Of the prefects who appear in the photograph taken at Benhall Farm not a great deal is known. Ken Cartwright was the drum major to be followed in this function by Campbell and, later, Alec Johnson. After Ken became a prefect, his younger brother Peter Cartwright, later the drum major, joined Wolfe House. He is among those discussed in the Austin Yeates and friends article. Prefect Miles of Kitchener House made it to CSP before he left.  

Bernard Goosey enlisted in the 48th Foot (the Northamptonshire Regt.) and was killed in action in Italy in 1944 at Forli, a small town not far from Bologna where Mussolini grew up.
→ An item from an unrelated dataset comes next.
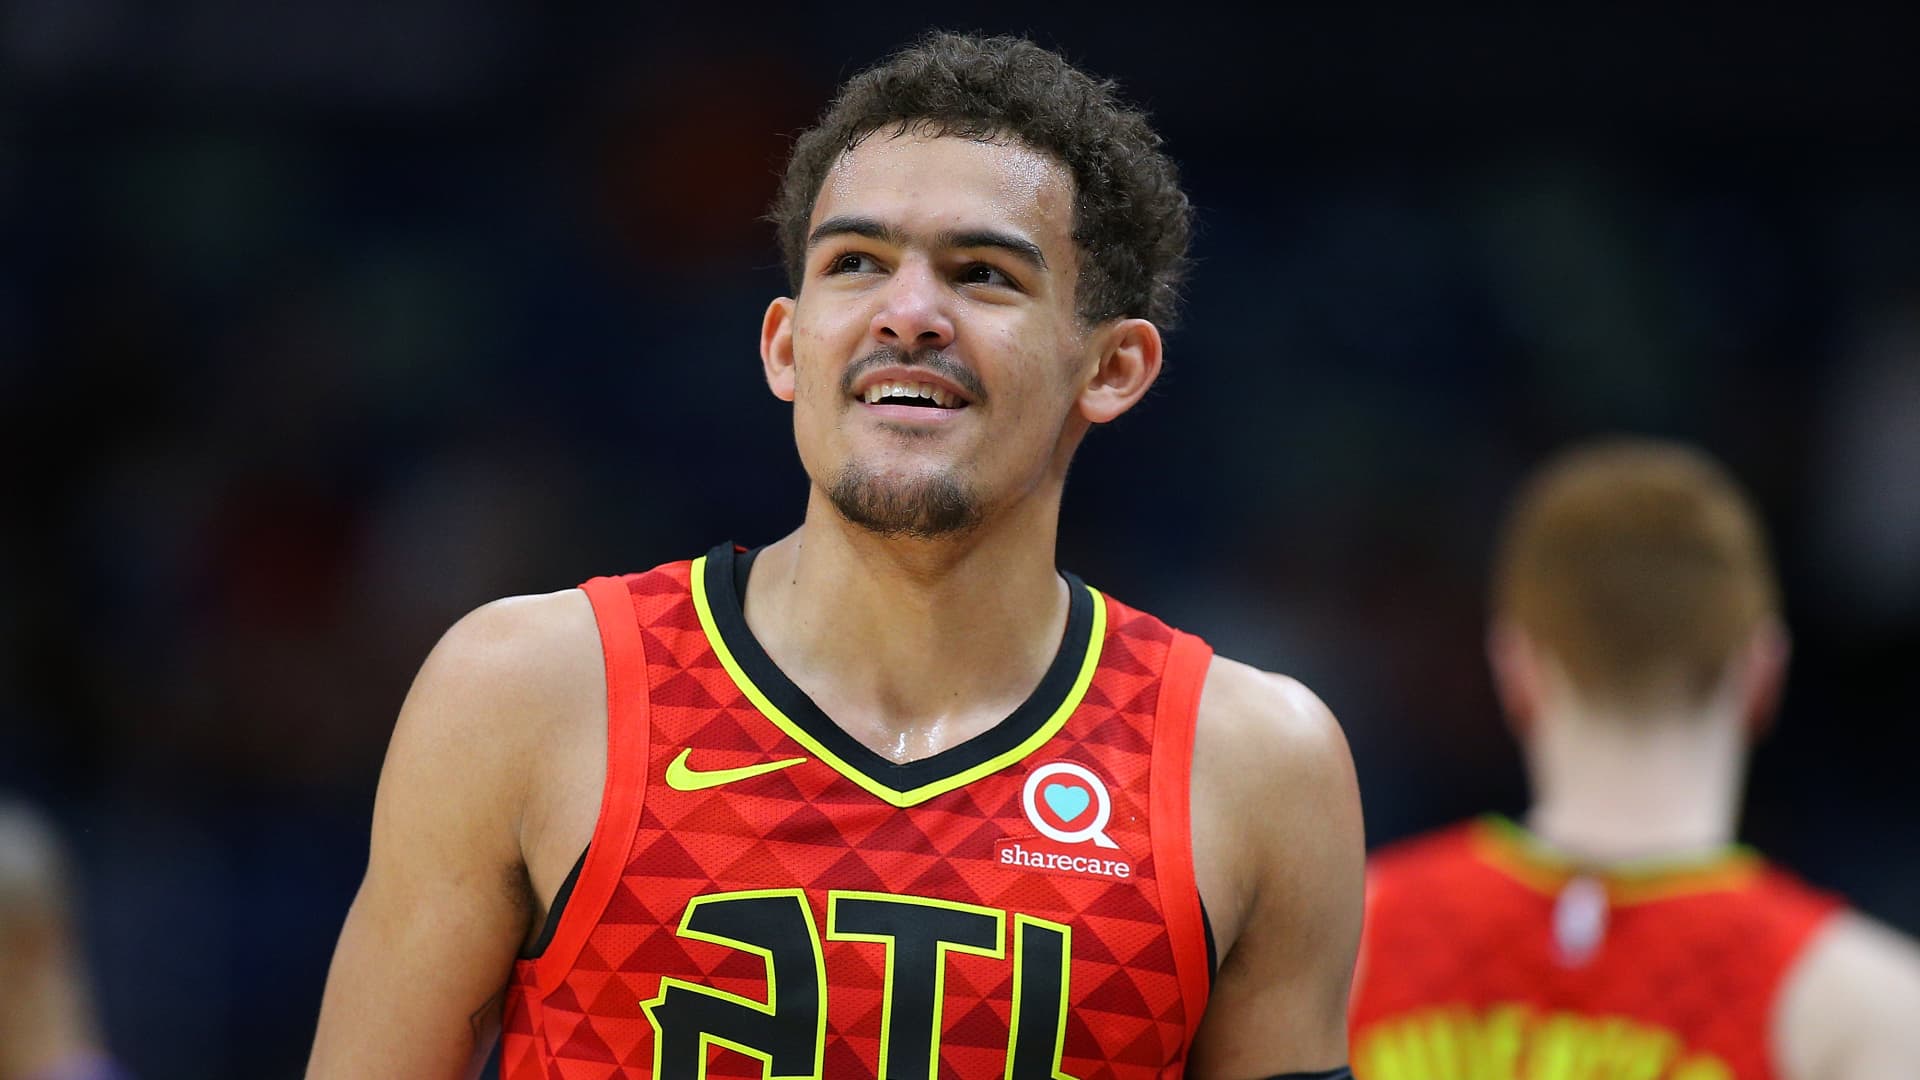 Oklahoma's Trae Young is having one of the best seasons in college

Bernard's brother, David Forrester (who changed his name from Goosey and became the resident RC priest and a beak – teacher – at Eton) said that he has visited his brother's grave in Forli several times. They were close brothers.

As to Alec Johnson's subsequent career, he left the school in mid-1942 to join the Ordnance Survey (see 1826 Colonel Pasley's complaint for an account of the first boys to engage in surveying work). This was apprentice training in the Royal Engineers (OS A/T Boys, RE, for short)given at a former hotel at Barton-on-Sea, Hampshire. The Ordnance Survey unit was created in 1941 to train cartographers (map makers). Alec wrote, 'I do not think all that many Dukies followed me to this training school.' During the planning for D-Day, the apprentices were moved to Bryn Howel in Llangollen, North Wales. Johnson left in 1943 to begin his eight years with the colours and four with the reserve. He did an advanced survey course at Ruabon, North Wales, and then joined a survey topographical unit of three offices and fifteen surveyors seconded to the Colonial Office. The Colonial Department sent the unit to the British West Indies, via New York on the Aquitanania, to map the islands. Alec was a nineteen year old at this time. He later served at GHQ Fayid in Middle East Command.

Finally, of the school's short stay at Cheltenham two newspaper items from the Gloucestershire Echo are extant. They are letters written to the newspaper's letters editor. The first dated 9 August 1940:

Sir, After spending four years of the last war in East Africa, where one found that they were at war continually with every possible thing apart from "Jerry" I came home and was stationed for a time at Dover Castle.
     One day from the back of the castle I could hear, but not see, a military band, so I proceeded down towards the sound, remarking to myself, "Some tone and volume about this Regiment's band. How could they have got it together in such a time?"
     Out from a sunken road came about 60 boys, marching and playing – as it happened they were playing the march "The Sons of the Brave" befitting the tradition of the Duke of York's Military School.
     I now wonder, sir, if you could move the powers-that-be that when the band arrives it marches up the promenade to the Gloucester-road. If it does so, Cheltonians will be as amazed as I was years ago, and I promise them a rare treat.

The second letter is dated the following day, 10 August 1940:

Sir, with reference to the letter from "Sapper", when on January 13, 1926, the second battalion of the Worcestershire Regiment, left Connaught Barracks, Dover, for the B. A. O. Rhine, the Duke of York's Military School band played us to the docks.
     Having marched behind the band and drums, I know what a first-class show they put up, and I hope I have the pleasure of hearing the band again.
S. H. P.


In answer to a loosely-related question of that period, Alec wrote, "I seem to think we had three suits of khaki and two of reds" - before the evacuation of 1940 – "It is amazing really that we had all that clothing when today the pupils have no overcoats or raincoats." Really, pre-war Dukies probably never knew how well off they were in clothes - as well as the care of their sergeant majors they received and the education from sergeant and warrant officer instructors of the Army Education Corps.